讲座题目：An Approximation Method for Risk Aggregations and Capital Allocation Rules Based on Additive Risk Factor Models
Risk aggregation is a pervasive issue in finance and insurance. In the context of additive risk factor models, the quantities of interest related to aggregation are determined by individual risk factors and interdependence within the summation. In the majority of cases, the aggregation is influenced by one or more common factors---such as geography, inflation or economic environment---as well as certain idiosyncratic characteristics. Due to such multivariate complexity, the joint distribution of the summands is usually out of reach and the probability distribution of the aggregation is either too difficult to specify or cumbersome to work with. Consequently, abundant literature delves into finding accurate approximations that are practical and tractable to compute the quantities of interests. One successful approximation is the aggregation's lower bounds in the sense of convex order. In particular, the so-called maximal variance convex lower bound has been shown both precise and tractable, especially for the sum of follow lognormal distributed random variables.
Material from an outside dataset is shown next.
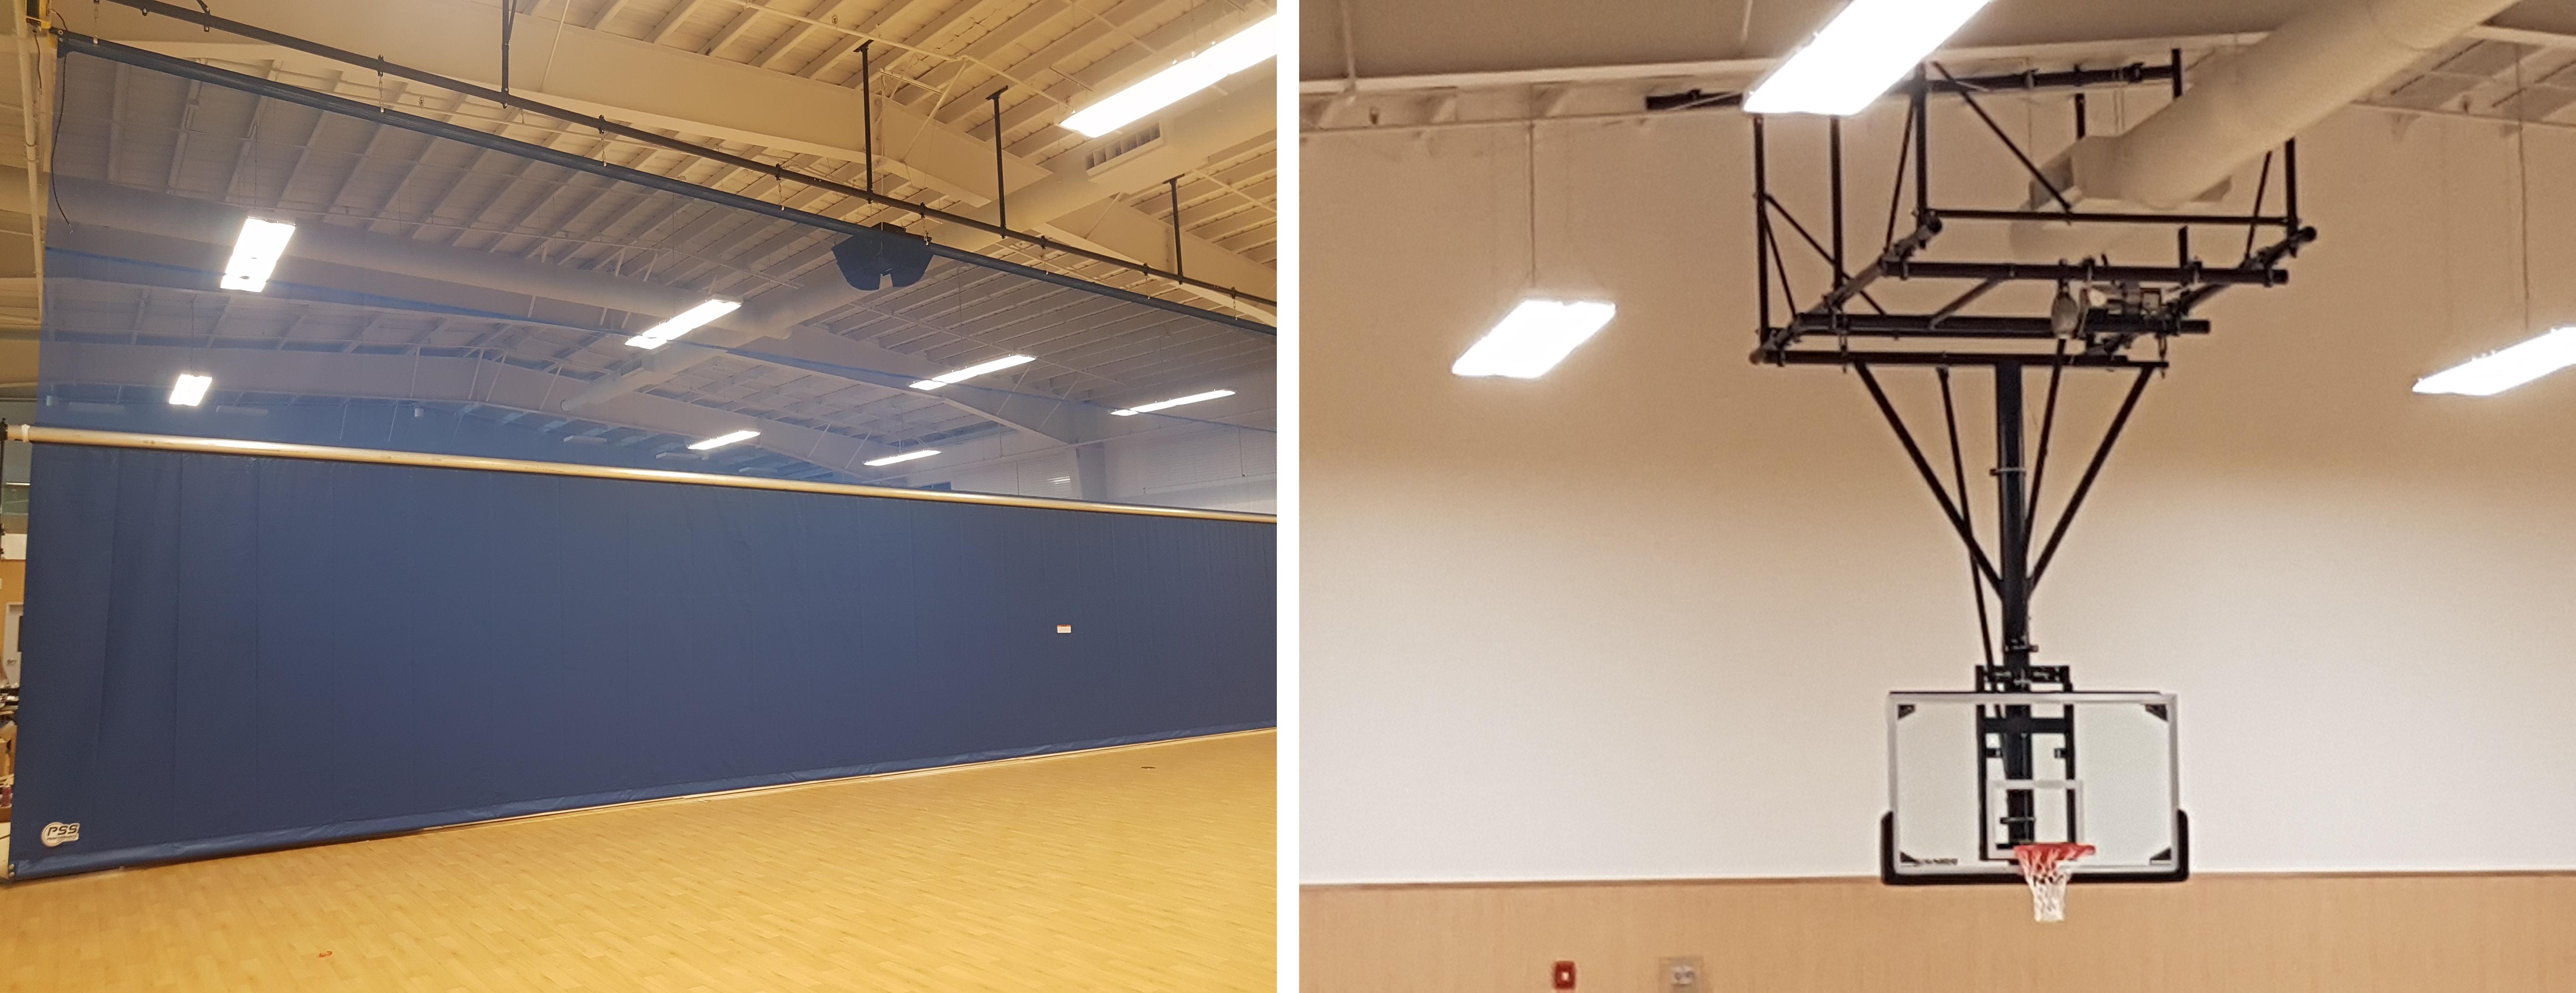 gym-divider-curtain-basketball-system-khon-go-cho-complex.png

In this paper, we develop the convex lower bound approximation method for risk aggregations in the context of generalized Gamma distribution. Such method is preferable due to its tractability and analytical results, which facilitates straightforward computation of quantities and analysis of interest. We provide explicit solutions under the additive risk factor models based on this method. In particular, we work out an approximate CTE-based capital allocation rule. As another distinguishing contribution, we further consider a model with contingent risk factors and extend our method to this model. By doing so, we significantly extend the applicability of our method. We show that the approximation convex lower bound method is still valid despite of the additional randomness and complexity. Moreover, we conduct stress test to show that the approximate CTE capital allocation rule is very robust with respect with respect to various levels of the joint default rates of the model.
姚经, 应用经济学博士。比利时布鲁塞尔自由大学科研教授，比利时FWO科研基金研究员，以色列海法大学精算和风险管理研究中心研究员，比利时天主教鲁汶大学访问学者，电子科技大学客座副教授。主要研究方向包括风险管理，金融衍生品定价，最优投资组合，风险相依结构等方面。主持和参与科研基金项目三项并多次参加国际性学术会议并作报告，同时他也是欧洲相依结构在金融保险中的应用学术年会的组织者。他的部分研究成果发表在著名专业学术期刊上，如Insurance Mathematicas and Economics, ASTIN Bulletin, Quantitative Finance, European Journal of Finance, European Journal of Operational Research 等。